PINZOLO. Niente Fiera del Primo di Maggio a Pinzolo. Salta il tradizionale evento che ogni anno attira gente vicina e lontana.

Un vero e proprio momento di ritrovo quello a Pinzolo in occasione dell'1 Maggio: non era però strano pensare che, proprio per la sua portata, l'avvenimento sarebbe stato impossibile nel contesto della pandemia.

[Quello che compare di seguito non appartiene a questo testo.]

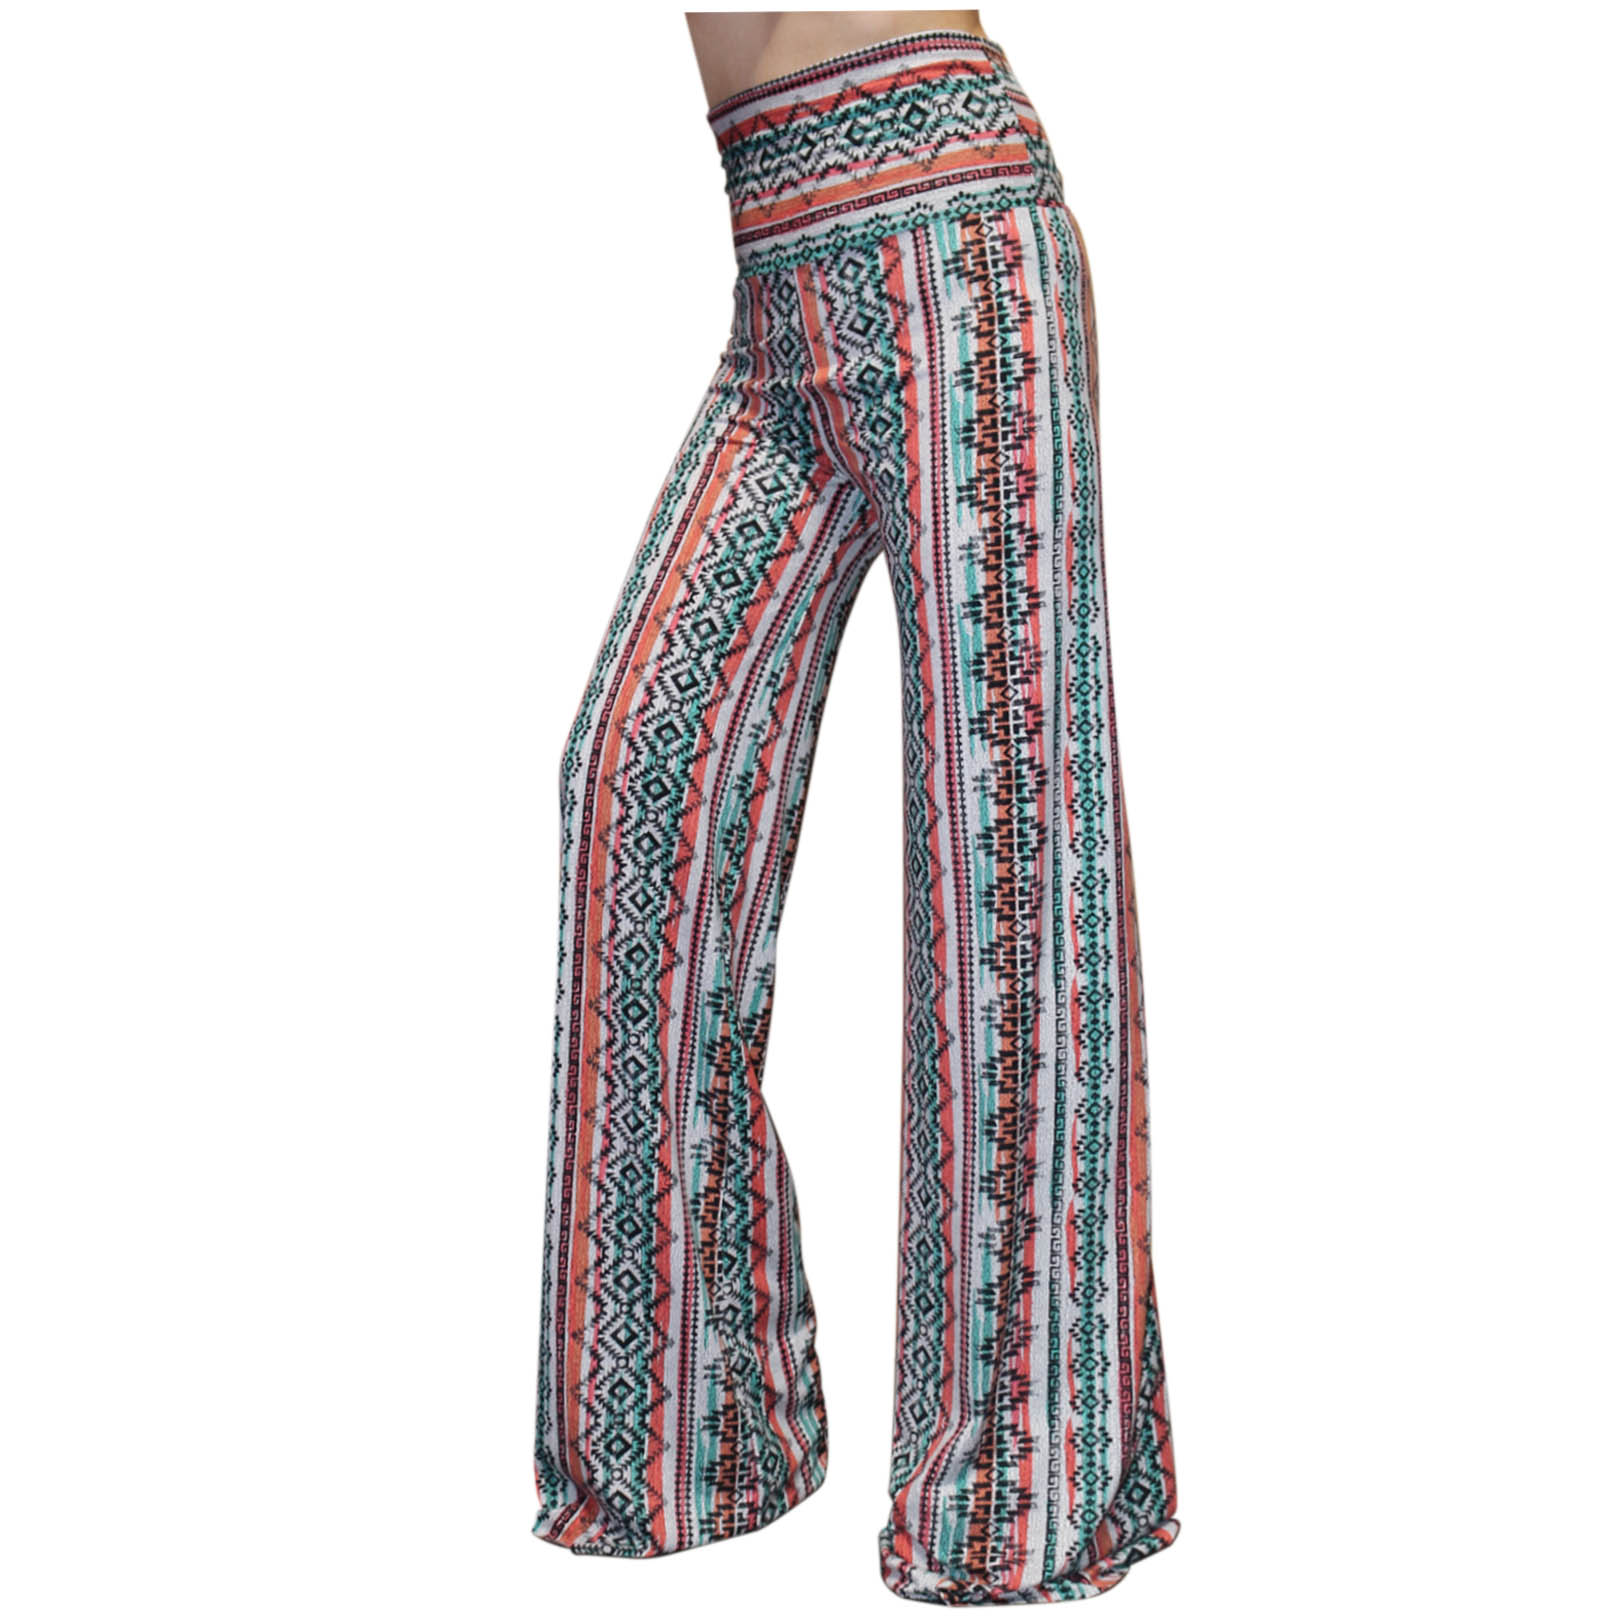 Boho Hippie High Waist Wide Leg Long Flared Bell Bottom Pants S M L XL ...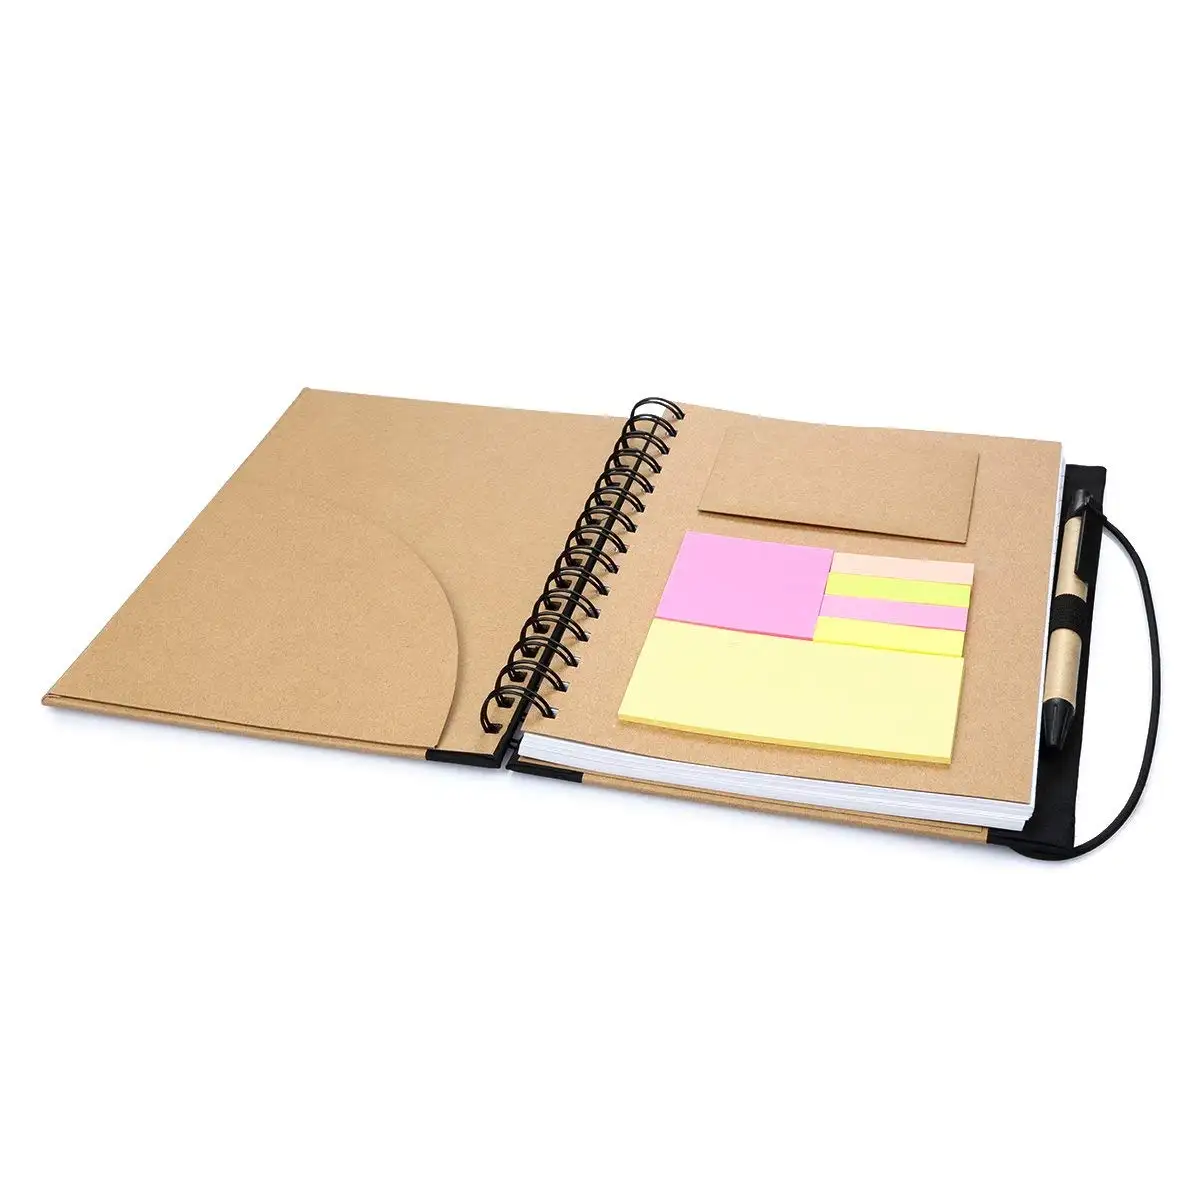 Agenda multifonction pour ordinateur portable, carnet de notes avec calculatrice de 8 chiffres, sac inclus, stylo et calculatrice

Arriva quindi il comunicato ufficiale dal Comune di Pinzolo firmato dal sindaco Michele Cereghini: “Considerata l’estensione della fiera e preso atto dell’alto numero di banchetti che da sempre attirano un importante numero di visitatori tali da rendere impossibile il rispetto delle misure di sicurezza sancite dall’attuale normativa, il Sindaco ordina l’annullamento della Fiera del 1° Maggio 2021 di Pinzolo (TN)”. (qui la normativa completa)


 

Le dimensioni assunte dalla Fiera, d'altra parte, sono davvero enormi: le bancarelle presenti lungo le principali vie del paese sono state oltre 260 in alcuni anni. Si ricordano con un pizzico di nostalgia - variopinte, di ogni tipo, con assortimenti per tutti gusti - assieme ai vivaisti nel piazzale davanti a San Vigilio con piccoli alberi da frutta, piante aromatiche e da appartamento, verdure da trapiantare negli orti e tanti, tanti fiori.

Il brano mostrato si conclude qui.